◆ DATASET EXTRACT:

———

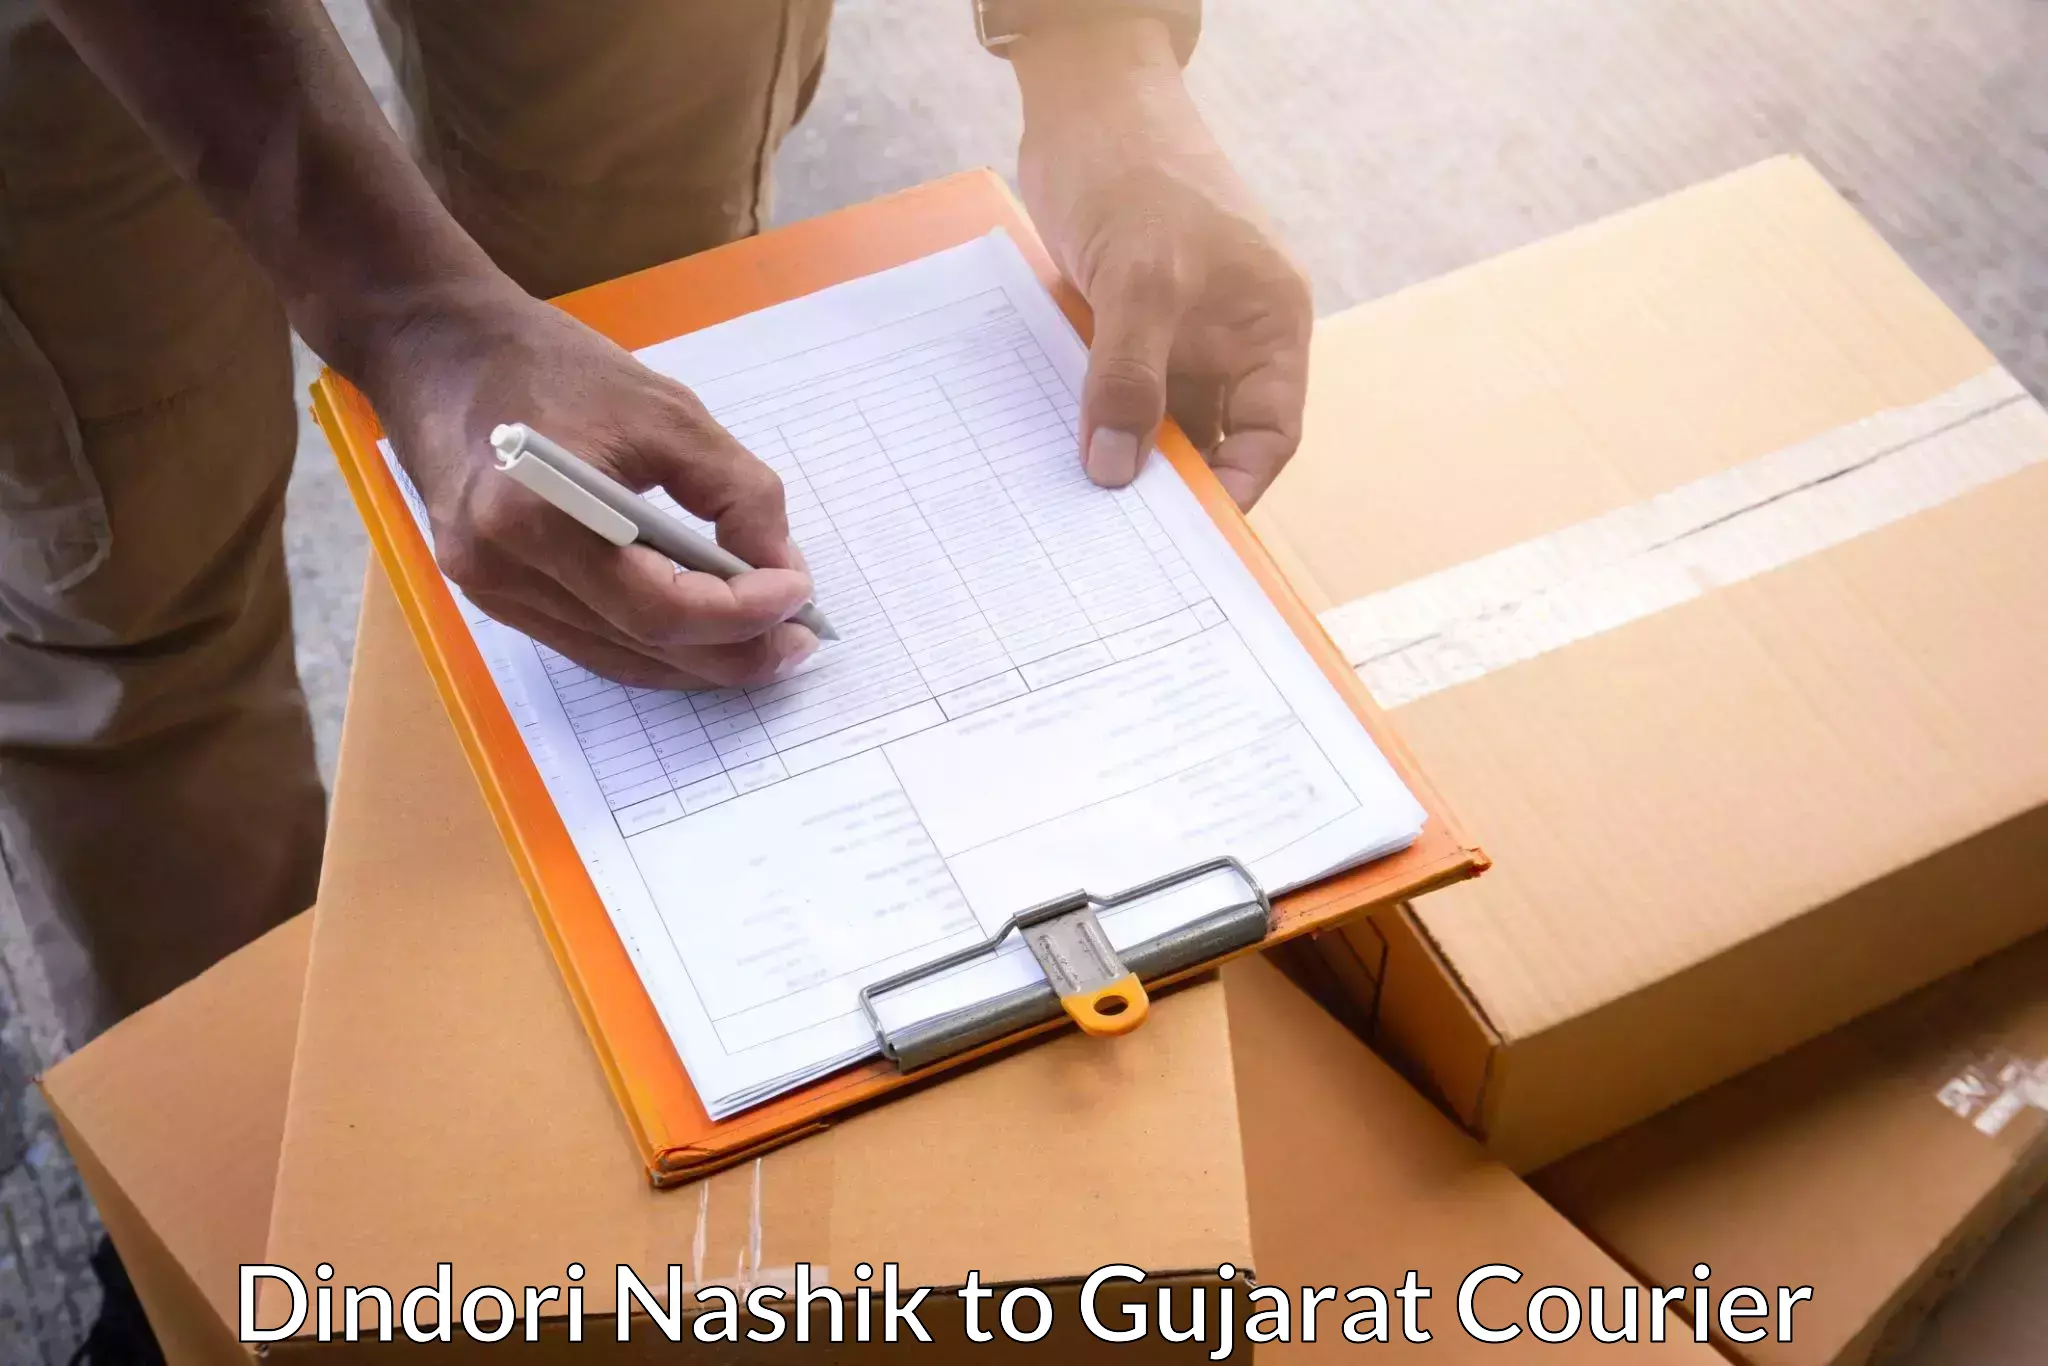 Express package transport Dindori Nashik to Gujarat
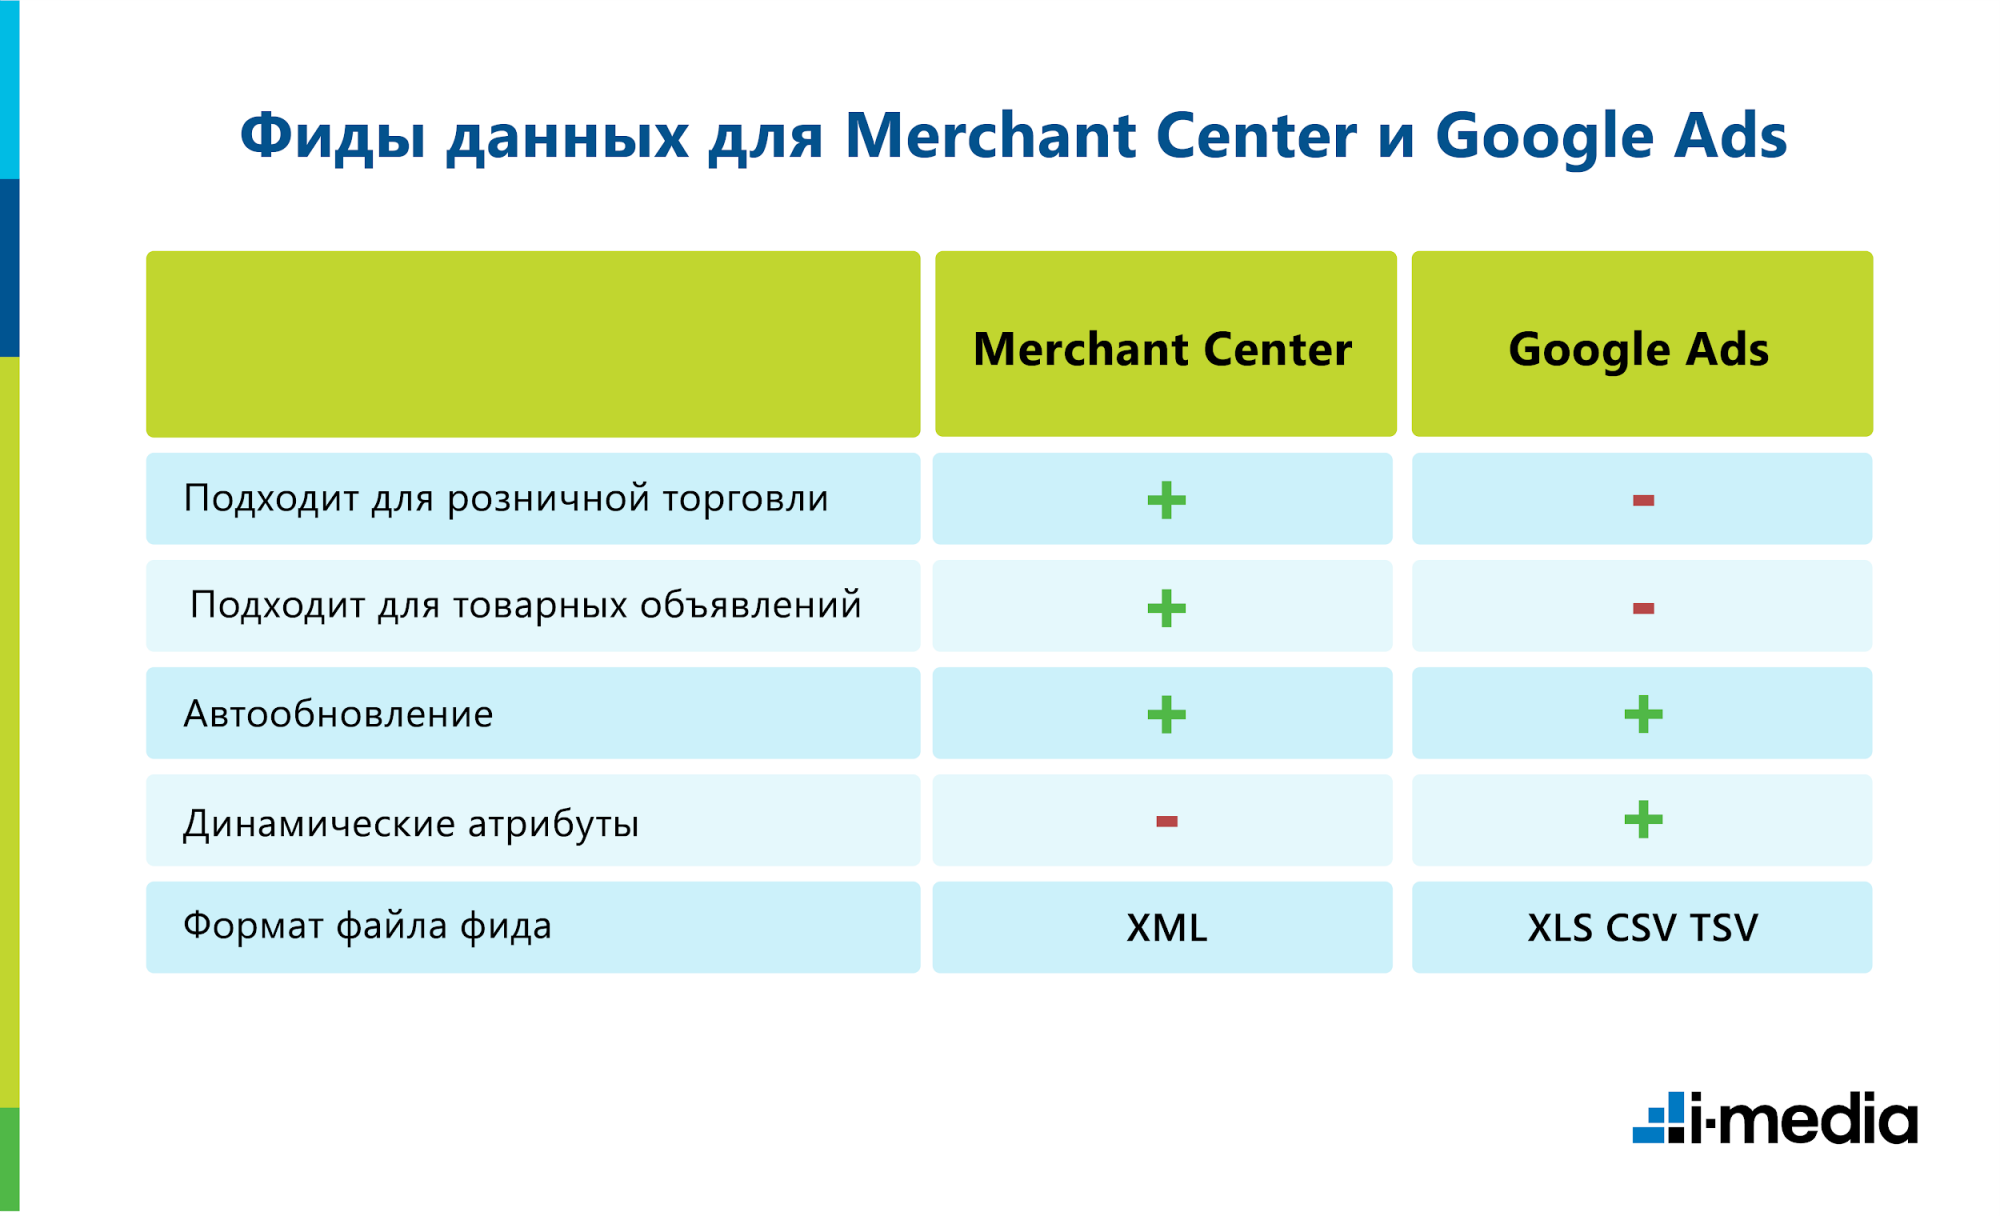 Фиды данных для Merchant Center и Google Ads
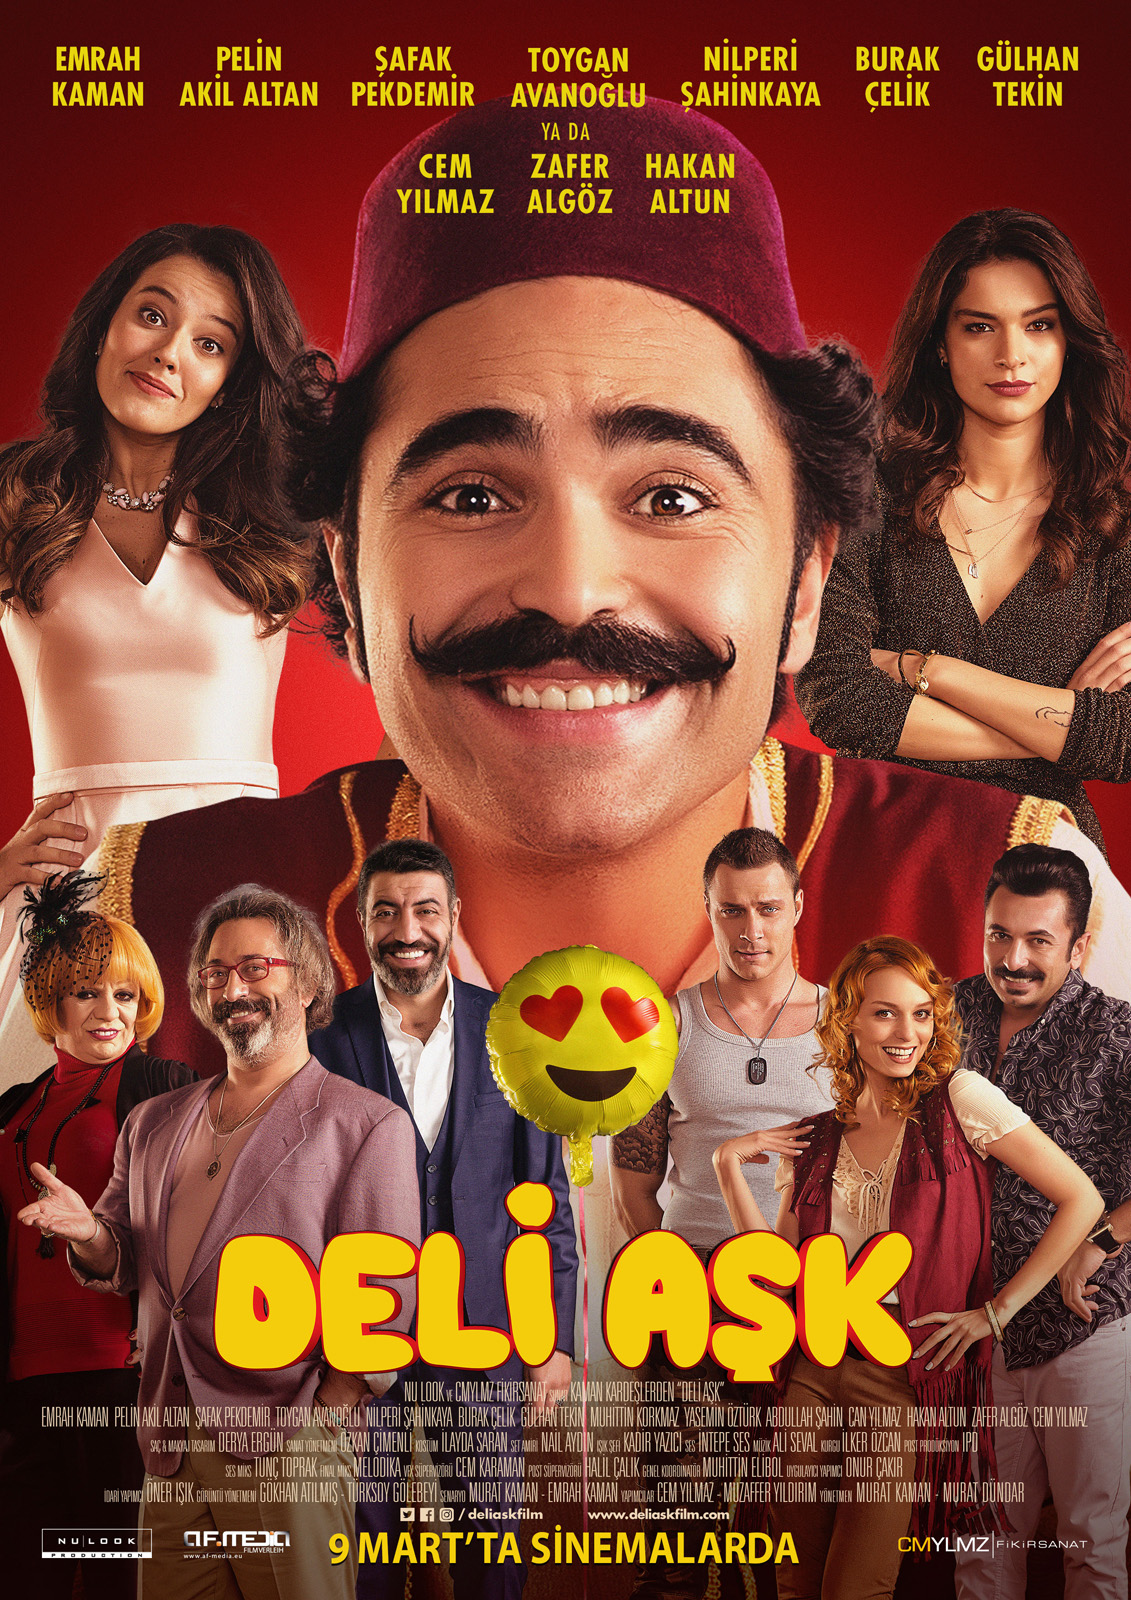 Deli Aşk Film 2017 Allociné

———

◆ THE PROBLEM:
Could all the data above be given again exactly, leaving out its images?

◆ WORKED SOLUTION:
 Express package transport Dindori Nashik to Gujarat
 Фиды данных для Merchant Center и Google Ads
 Deli Aşk Film 2017 Allociné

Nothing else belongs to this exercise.